JPH0259022A - Reaction apparatus of waste gas smokestack - Google Patents

Abstract

PURPOSE:To prevent adhesion of scales and lowering the strength of the walls of a smokestack due to thermal impact by dividing the flow of the waste gas by installing an inner cylinder in the smokestack, and setting a reducing agent spraying nozzle to spray a reaction material in the inside of the inner cylinder. CONSTITUTION:A waste gas flows in a smokestack pipe 4 from down side to up side and is divided by an inner cylinder 2 to inside and outside of the inner cylinder, and an aqueous solution containing a reducing agent is sprayed with rotation through a reducing agent spraying nozzle 6 to the flow in the inside of the inner cylinder. Because water-drops from the reducing agent spraying nozzle 6 collide against the inner walls of the inner cylinder 2 and even though the situation is different depending on the size of the water drops, sprayed condition, and the gas flow, the inner cylinder 2 is possibly cooled to water boiling temperature, 100 deg.C, locally. However, since the inner cylinder 2 is heated by a gas flowing outside, the wall temperature is not decreased as compared to the case of no gas flow outside, and as a result, scale adhesion and thermal impact is lessened. The smokestack pipe 4 is protected from a sprayed material by the inner cylinder 2.

Description

[Detailed Description of the Invention] [Industrial Application Field] The present invention relates to a reaction device for an exhaust gas flue, and in particular to an exhaust gas smoke suitable for flue protection when a reducing agent for exhaust gas denitrification is added as an aqueous solution spray. Regarding the road reactor.

[Conventional technology]

Nitrogen oxides (NOx) generated from combustion equipment that uses fossil fuels such as coal and oil are harmful, and efforts are being made to reduce emissions as much as possible. A common method for reducing nitrogen oxides is to first suppress their generation, and then add a reducing agent such as ammonia to react with the generated nitrogen oxides to render them harmless. For example, in a large boiler at a thermal power plant, NOx generation is first suppressed by low NOx combustion, then ammonia is added to the exhaust gas, and the NOx is treated in a denitrification reactor before being released into the atmosphere. For small boilers used for heating in urban areas, the amount of exhaust gas emitted per unit is small and laws and regulations are lenient, so treatment of nitrogen oxides in the exhaust gas has not been carried out.

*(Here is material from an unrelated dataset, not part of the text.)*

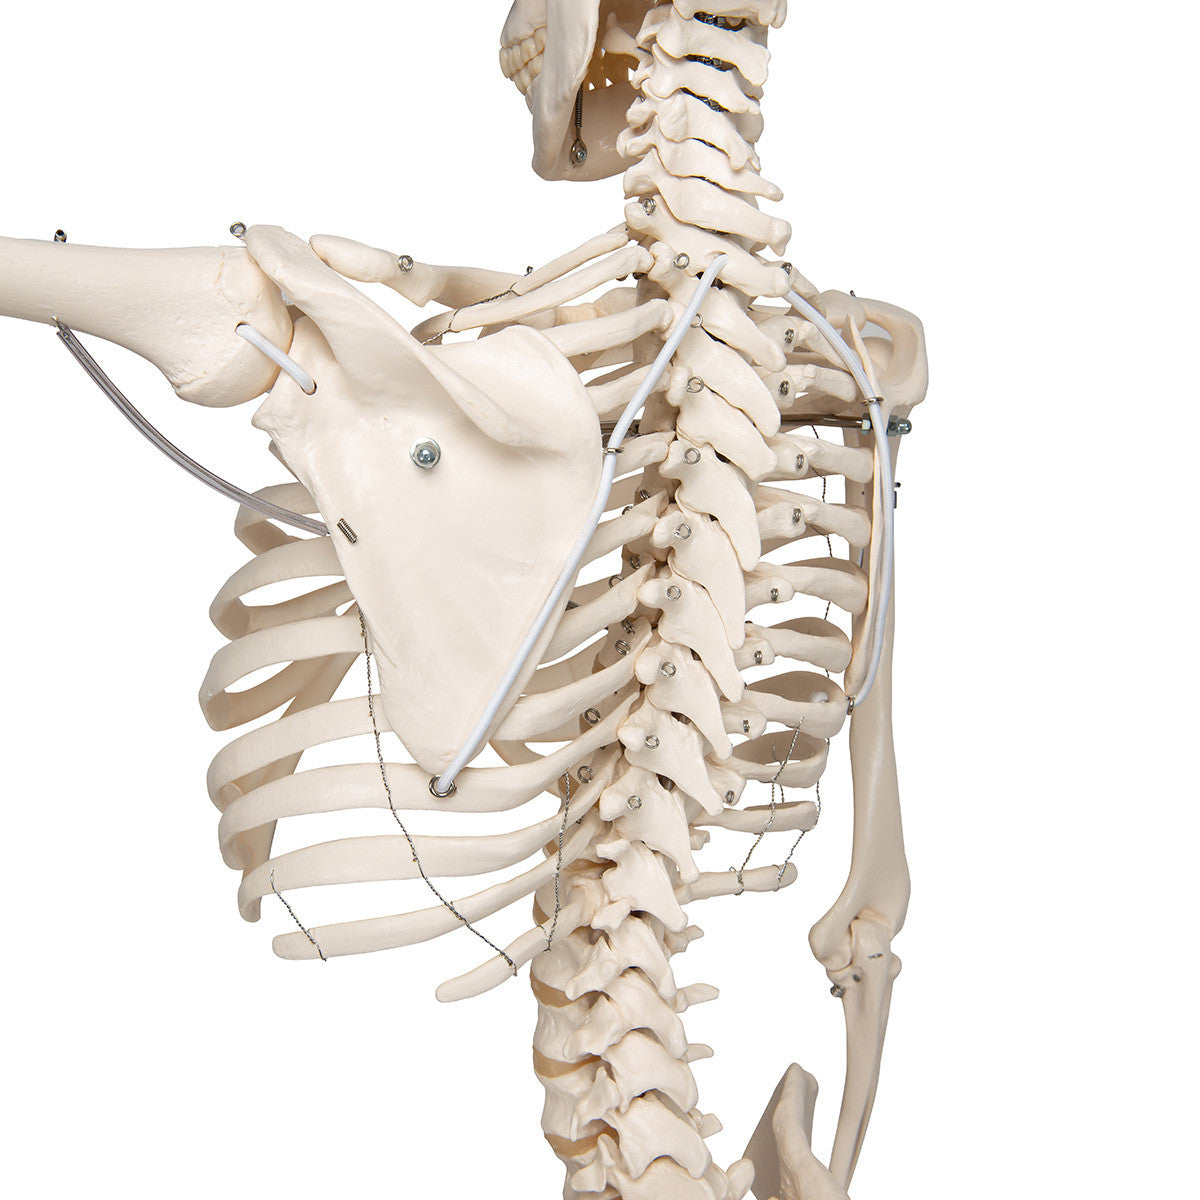 a15-3_06_1200_1200_physiological-human-skeleton-model-phil-on-hanging-stand-3b-smart-anatomy__36840.1589753229.1280.1280.jpg

Recently, however, pollution of urban air by exhaust gas has increased, and laws and regulations have become stricter for small-scale exhaust gas generating sources in urban areas, and there is a trend for smaller exhaust gas denitration equipment to be installed to treat nitrogen oxides. Generally, when making such chemical equipment small-scale, simply scaling it down will cause problems and generate heat and heat.
A mechanical reexamination that takes into account the transfer of mass and momentum is necessary.

In large denitrification equipment, ammonia gas diluted with exhaust gas is injected by installing many reducing agent injection ports in a huge flue cross section that people can pass through, and the effect of the injected ammonia gas on the wall is ignored. can. However, as the device becomes smaller, the diameter of the flue becomes smaller and the area of the flue wall that comes into contact with a unit amount of gas becomes larger, increasing the chances that the added reducing agent will come into contact with the wall surface without being uniform. This increases the chance that the wall surface will be partially cooled, since the reducing agent, which is usually much cooler than the exhaust gas, contacts the wall surface in a localized manner.

[Problem to be solved by the invention]

In the above-mentioned conventional technology, when a reducing agent whose temperature is lower than that of the exhaust gas and is normally equal to the atmospheric temperature is mixed with the exhaust gas, local cooling occurs on the flue wall surface of the small-diameter flue, and the tar in the exhaust gas, There is a problem that the risk of adhesion of scales such as ammonium sulfate increases. This problem is less of a problem when a gas such as ammonia is used as the reducing agent. However, the temperature required for the denitration reaction depends on the type of denitration catalyst, and in order to lower the temperature of the exhaust gas to that temperature, an aqueous solution of ammonia, urea, etc. may be used as a reducing agent, which poses a major problem. Become. In other words, even if an aqueous solution is sprayed into minute water droplets, those that collide with the flue wall before mixing with gas and evaporating tend to aggregate and form a liquid film, and the temperature of the wall surface increases as it absorbs the latent heat of vaporization during vaporization. If the local temperature drop is large, a problem arises in that the strength of the wall surface gradually decreases due to thermal shock. Furthermore, when the reducing agent is urea, there is a further drawback that the reducing agent itself is deposited as scale on the wall surface.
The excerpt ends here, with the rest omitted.